Occasionally, new highly pathogenic respiratory infections, such as atypical pneumonia, avian influenza A(H5N1) or the new pandemic (H1N1) 2009 influenza, appear [2]. The provision of sophisticated epidemiological surveillance is essential when faced with emerging infections. An effective epidemiological surveillance system may be helpful in determining measures against seasonal influenza and may also contribute to the pandemic preparedness and control over new respiratory infections [3, 4].

Full-scale sophisticated surveillance over influenza and influenza-like diseases (ILD), acute respiratory infections (ARI) and severe acute respiratory infections (SARI) yields the most precise estimate of the epidemiological situation. In addition, the surveillance enables accurate prediction of disease incidence dynamics that is necessary to design the most appropriate plan of anti-epidemic measures and to organize the most effective preventive intervention [3].

This study examined the existing state of the epidemiological surveillance over influenza in Uzbekistan and the modernization of the system with regard to the current situation.

Methods
Due to the global epidemiological situation of influenza, a special Research and Policy Centre was established at the Institute of Virology in Uzbekistan to deal with the problems of seasonal influenza and avian influenza in the healthcare system. The system used for registering cases of influenza and ARI in the practical healthcare system was checked and its efficiency was analyzed. Within the system, all laboratory confirmed cases of influenza and all clinically diagnosed ARI cases of the upper respiratory tract were registered. No records on patients with ARI of the lower respiratory tract and with SARI were made in the system. There were no standard criteria for identifying nosological forms of respiratory tract diseases to be registered in the epidemiological surveillance system. This resulted in low quality and inadequate data that failed to satisfy the needs of the modern epidemiological surveillance system when faced with the possible spread of the A(H5N1) influenza virus, other SARIs and the risk of influenza pandemics.

To estimate the efficiency of the registration procedure for cases of acute respiratory infections in the epidemiological surveillance system, a retrospective analysis of medical records from 570 patients who visited 4 major out-patient clinics during the 2006-2007 epidemic season and who were diagnosed with various acute infections of the upper and lower respiratory tract was conducted. From August till December 2009, samples obtained from patients coming from other countries and suffering from SARI, ILD, and ARI were examined for the new A(H1N1)pdm influenza virus by the polymerase chain reaction (PCR) method. SARI and ILD patients suspected of having avian influenza because they met some clinical and epidemiological criteria for the disease were examined for influenza A(H5N1) by PCR.

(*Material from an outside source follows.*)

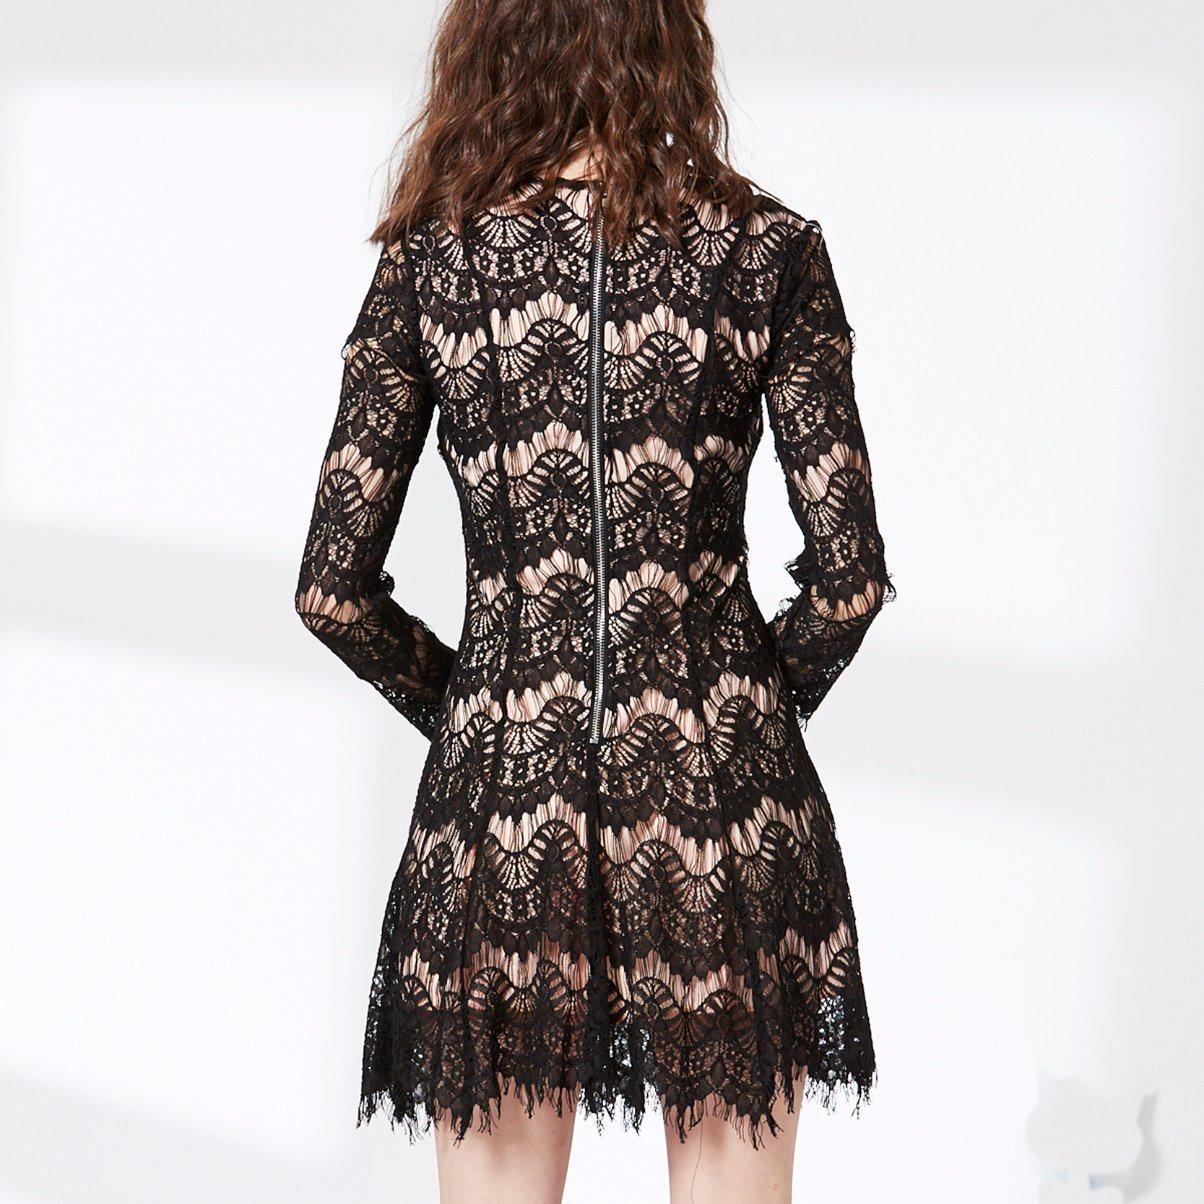 High Quality Women Bandage Bodycon Fashion Lace Dress

The disease incidence was estimated by the intensity rate (number of cases of the disease per 100,000 population). Due to the small share of influenza and ILDs among the cases, the total incidence of influenza, ILD and ARI was analyzed. The incidence data for influenza (laboratory-confirmed cases), ILD (clinically diagnosed cases) and ARI (clinically diagnosed cases) were reported weekly to EuroFlu, epidemiological surveillance programme for influenza, for estimation of influenza activity in the WHO European region during the 2009-2010 epidemic season [7]. The improved system of epidemiological surveillance was used for the first time to analyse the epidemiological situation in Uzbekistan during the pandemic (H1N1) 2009 influenza in 2009-2010.

Results
The medical records for 570 cases of acute respiratory diseases were analysed. The clinical diagnosis (for example, “catarrh of the upper respiratory tract”) did not correspond to the list of acute respiratory infections compiled by the International Statistical Classification of Diseases and Related Health Problems, 10th Revision (ICD-10) for 37.2% of the cases [5]. These cases were not classified as ARI in the health institutions and consequently were not reported and registered in the epidemiological surveillance system. In 16.5% of the cases a disease that did not correspond to the criteria of acute infection was registered as ARI.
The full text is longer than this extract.